I never know how to take anything back, angry words, the truth—my heart, most of all. Perhaps that is why I risk mine so rarely, only once or twice in recent years. Because there are pieces of me walking around inside the bodies of other living beings whose voices I may never hear again; there are pieces of me inside pages and my child, and there are pieces of me inside bodies that are no longer even really bodies, the kind of no longer bodies that fill up canisters and boxes with uncountable ash and too much agony. There are people walking around with pieces of me inside of them who could show up at my door unannounced and always be let in, no matter the time, no matter how long it had been since I had given that piece and they had walked away from me with it, who will never show up, who probably don’t even know they still could. Because I never know how to take anything back.
I never know how to take anything back and some days I feel it so keenly, the patchwork nature of my heart, its rough edges, the way it buckles and strains to fill in all the empty spaces, to grow. I place my hands against a tabletop and flex the fingers outward, watch the tendons move, the bright blue of veins, those tributaries dead-ending under skin, and it is easy to see what their limits are.

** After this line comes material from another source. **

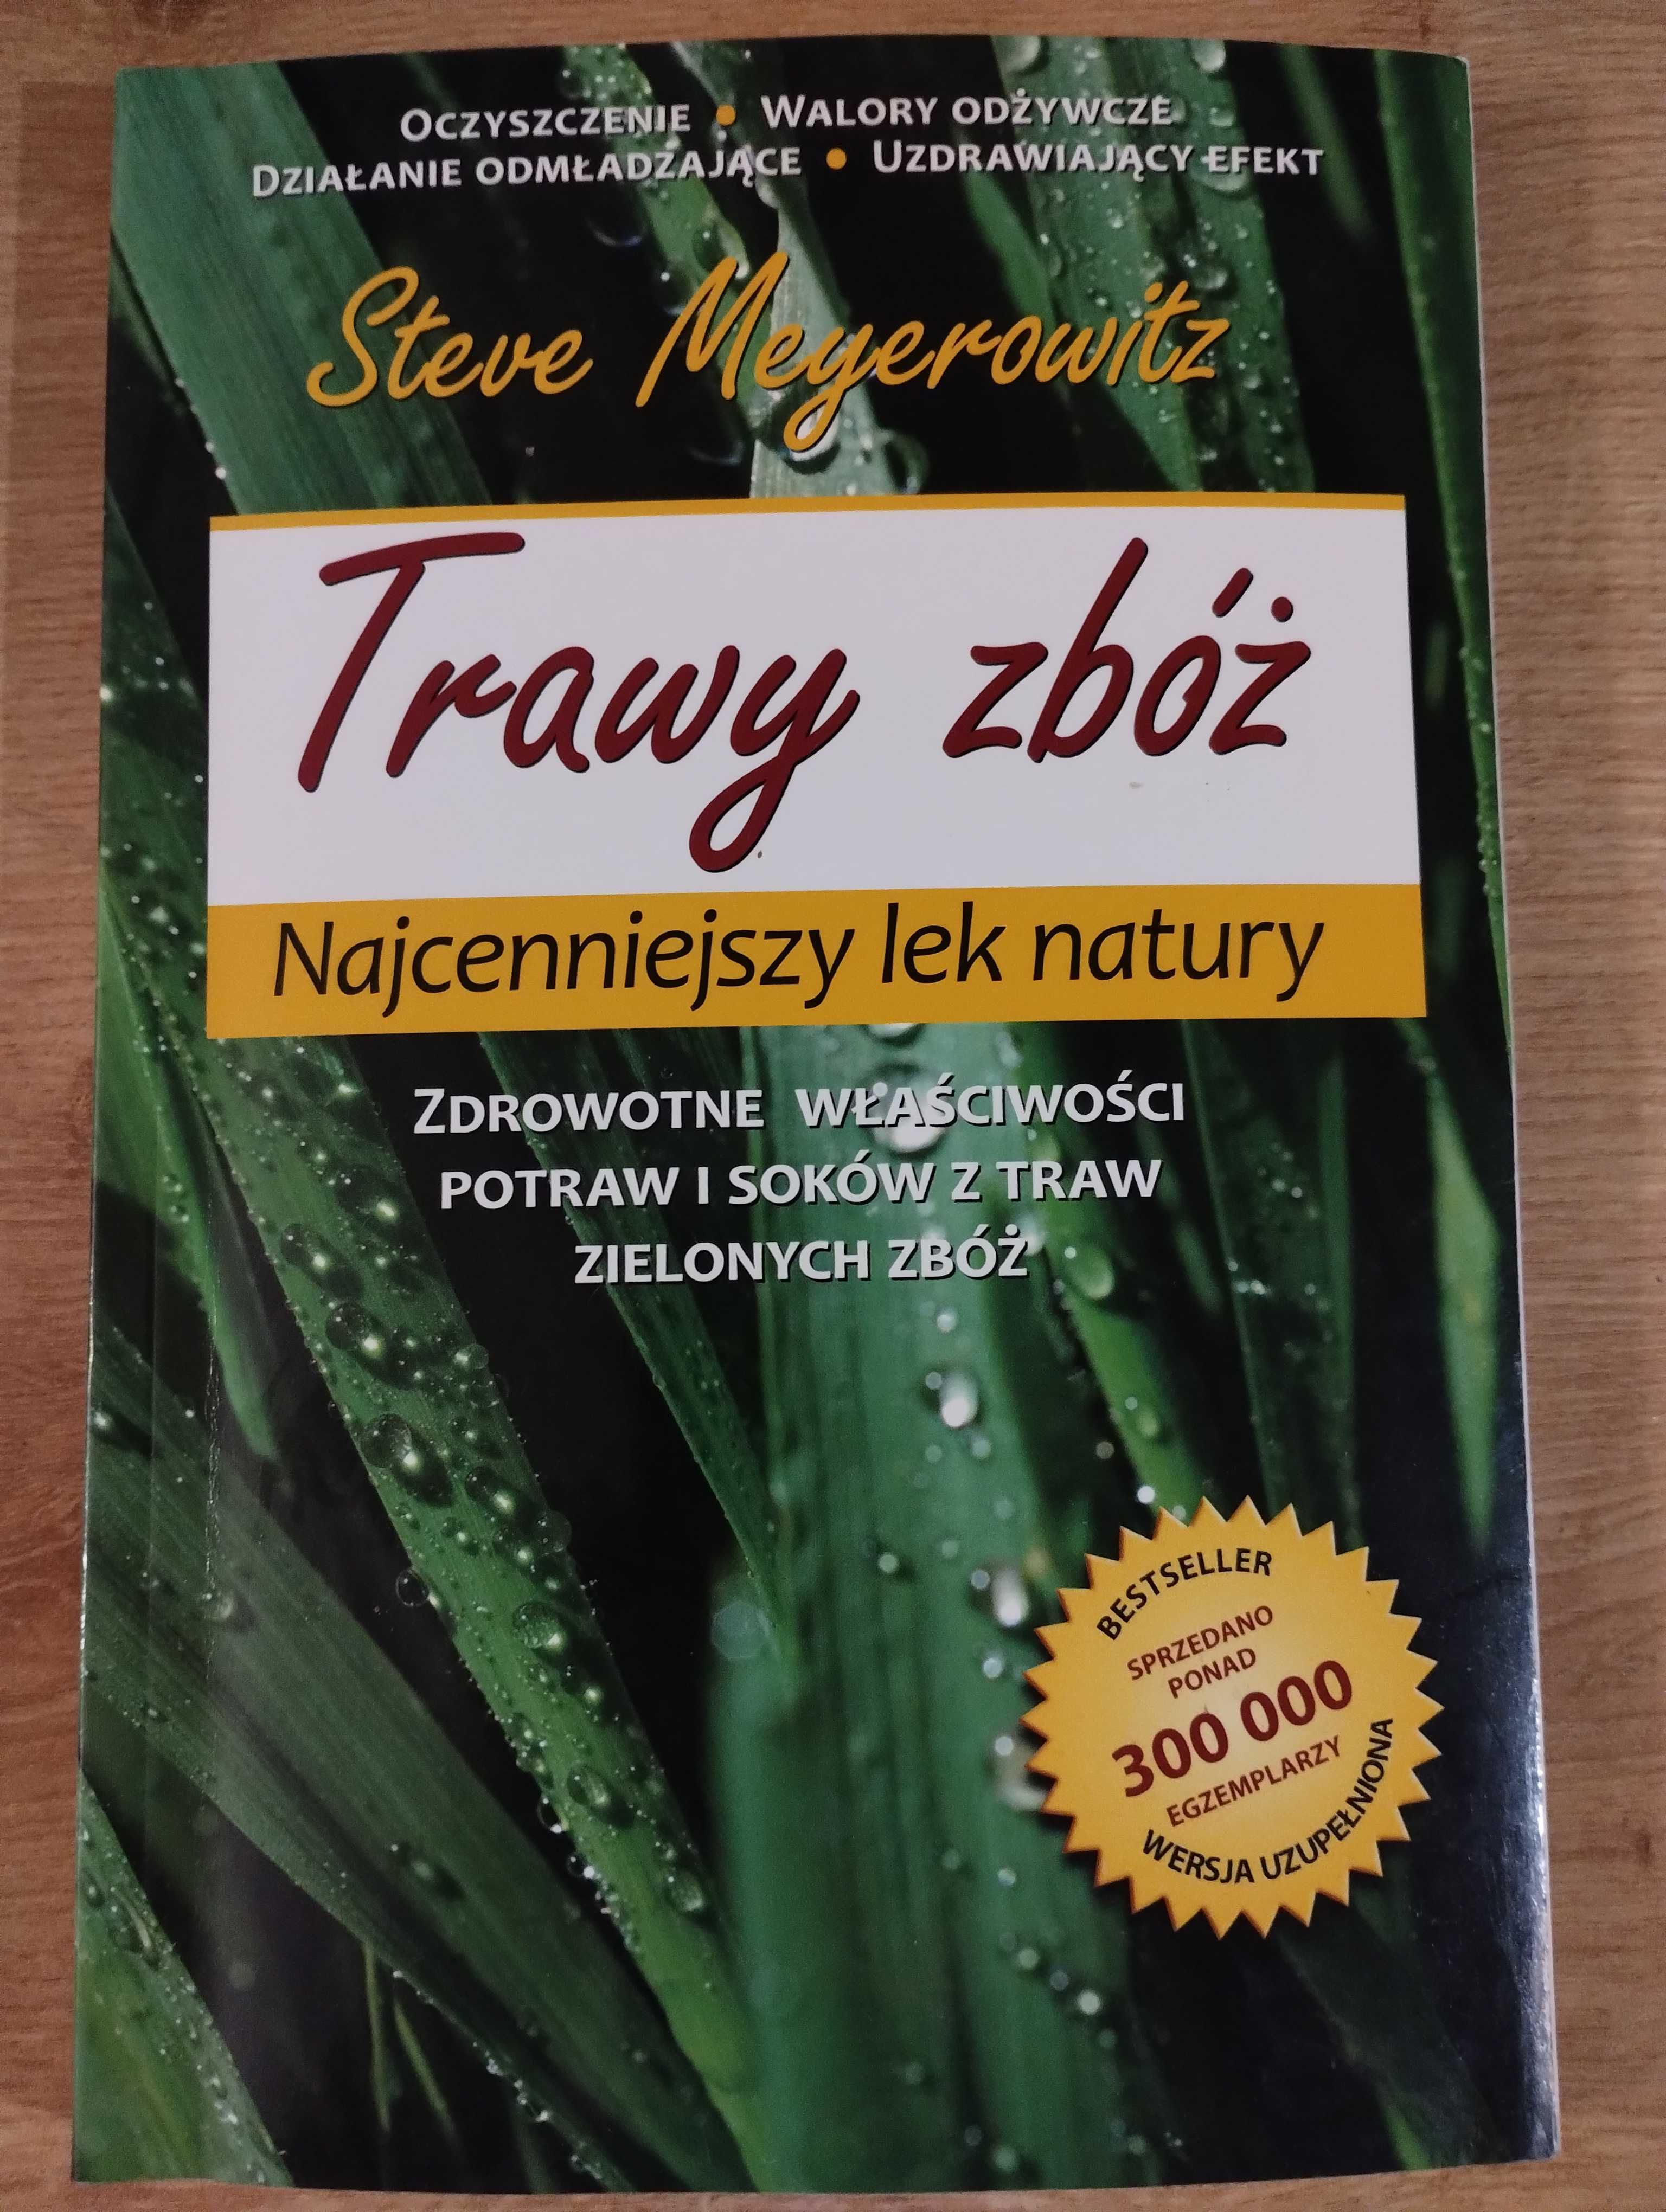 Meyerowitz Trawy zbóż najcenniejszy lek natury zdrowotne właściwości

I know what my hands will hold, the size of things, their weight. Not so with the heart, if the thing I hold today or the thing I give tomorrow will be too much, if anything at all will be left in the aftermath.
If you can’t take it back, might you instead try to say “enough?” Because you can love someone and not want to be with them, love someone and choose to leave, wake in the middle of night weeping from the dreamt sound of their voice, and stay gone. Wake in the middle of the night weeping from the dreamt sight of their face, and stay gone. You can think of all the things you might have said to make it right, remember those words weren’t yours to say, look at that empty path leading to your door, and still, you can stay gone. It won’t mean you don’t love them. It just might mean you love yourself a little too. And maybe there’s where you begin, if you want to take it back.